- _WORK TO COMPLETE_
Restate the whole of the data below word for word, skipping the images.

- _INFORMATION SHOWN_
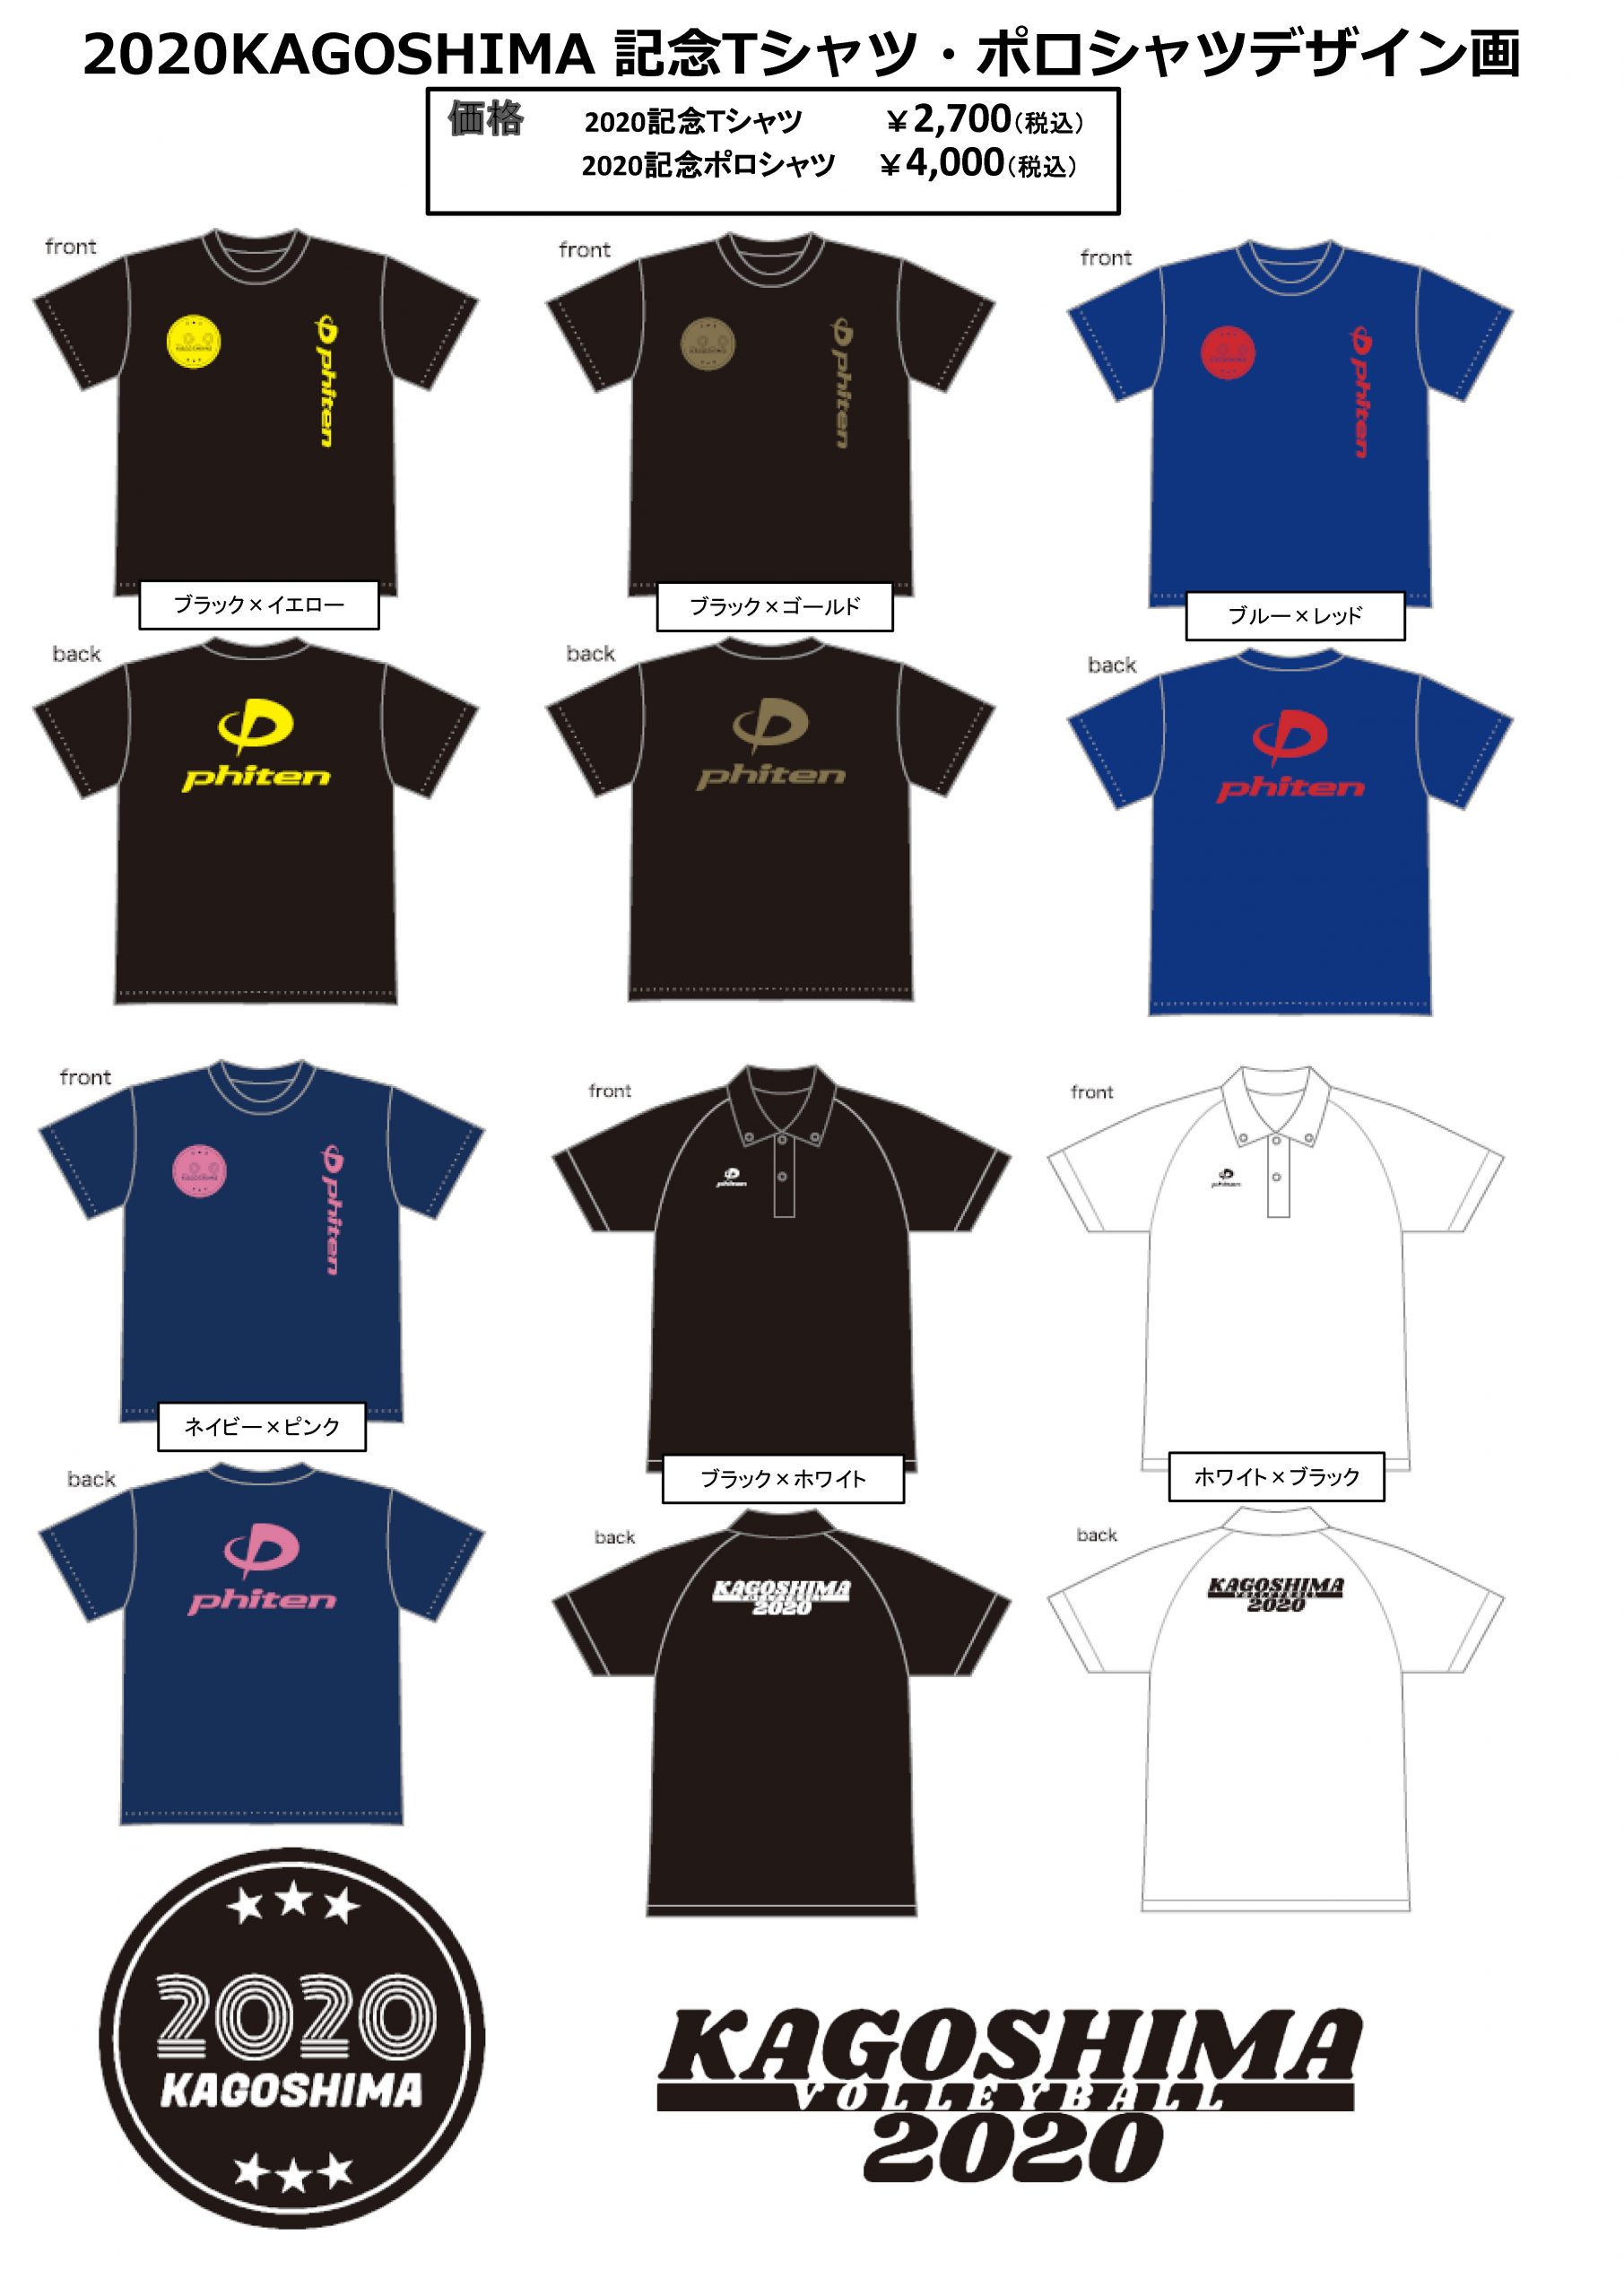 お知らせ】2020KAGOSHIMA 記念Tシャツ・ポロシャツについて
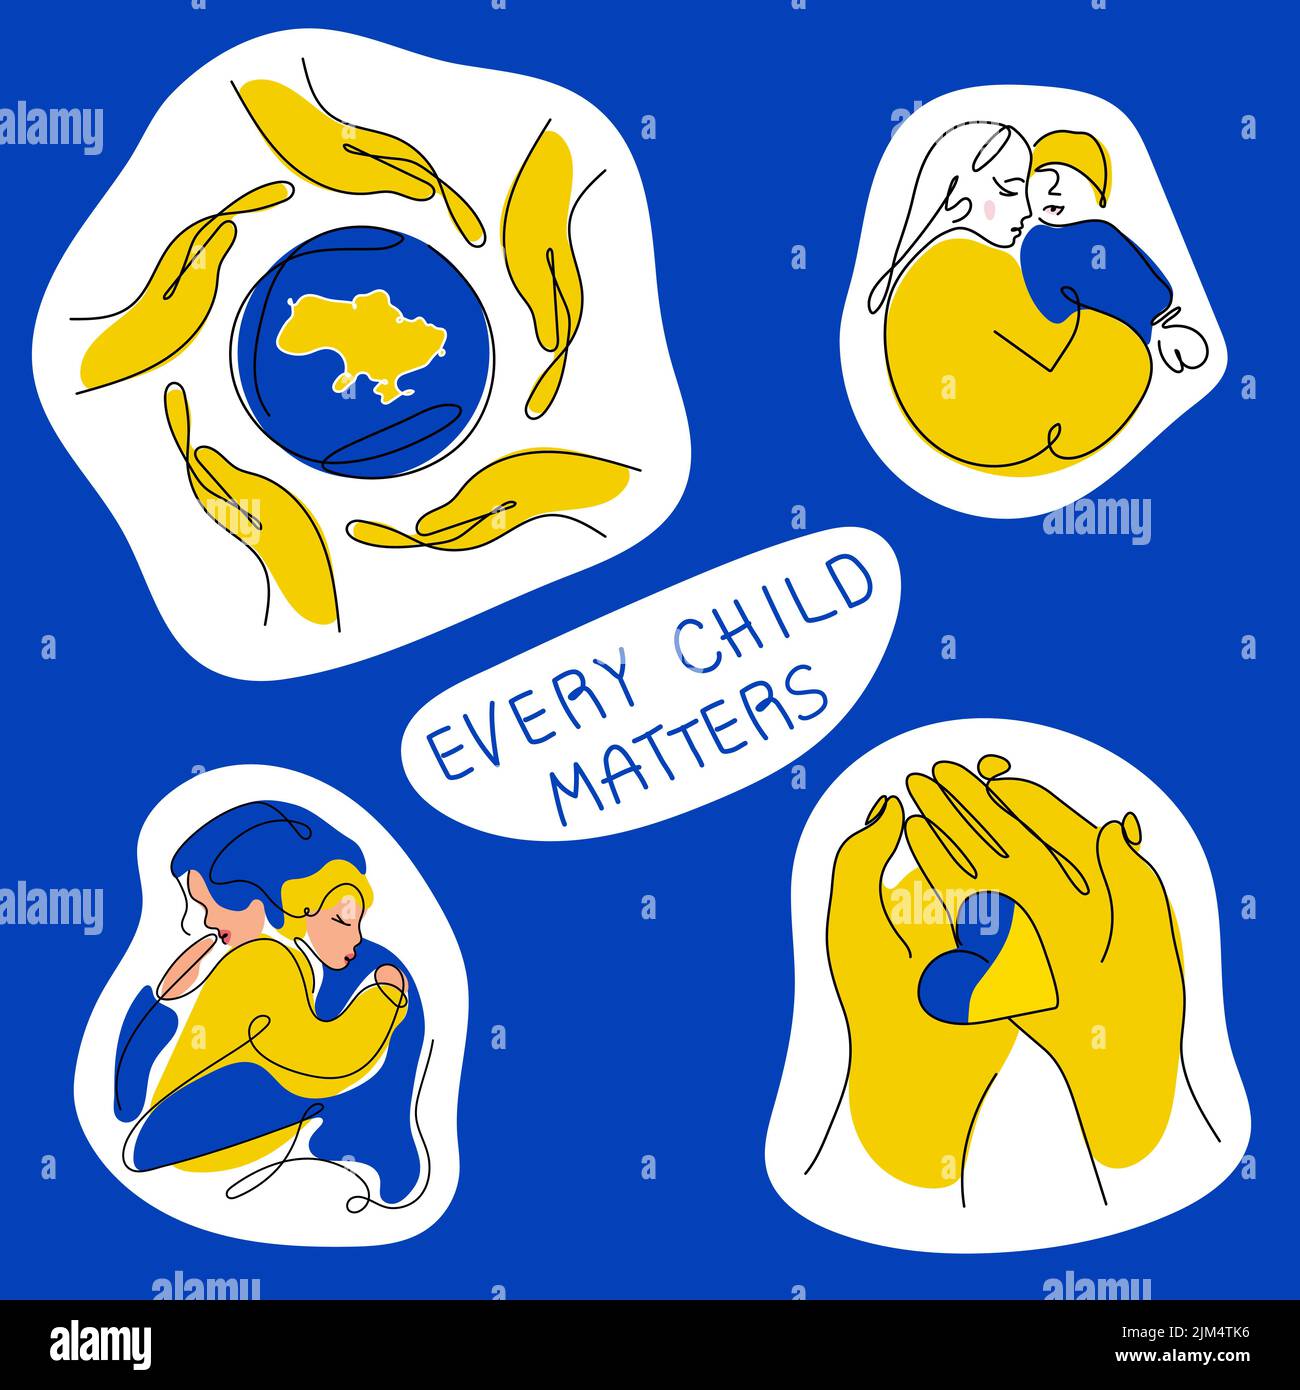 Satz von patriotischen Sticker der ukrainischen Illustration mit Frauen, Kindern, Händen in traditionellen Farben. Vektor-Illustration globale Politik, KEIN KRIEG in Stock Vektor
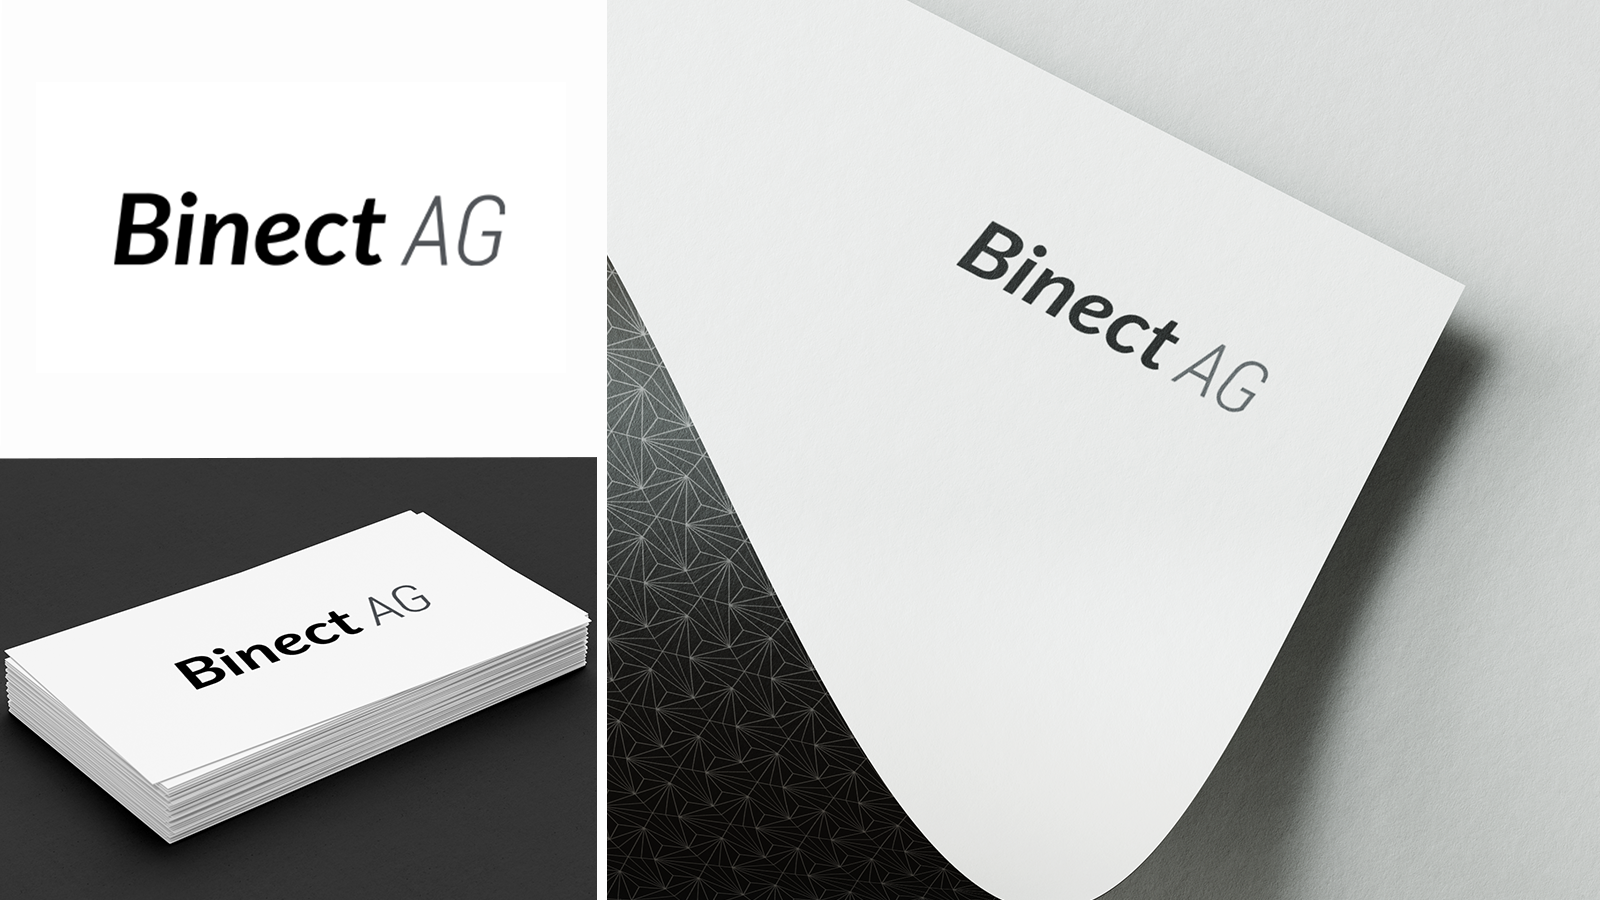 Binnect AG

- _RESULT OF THE TASK_
 お知らせ】2020KAGOSHIMA 記念Tシャツ・ポロシャツについて
 Satz von patriotischen Sticker der ukrainischen Illustration mit Frauen, Kindern, Händen in traditionellen Farben. Vektor-Illustration globale Politik, KEIN KRIEG in Stock Vektor
 Binnect AG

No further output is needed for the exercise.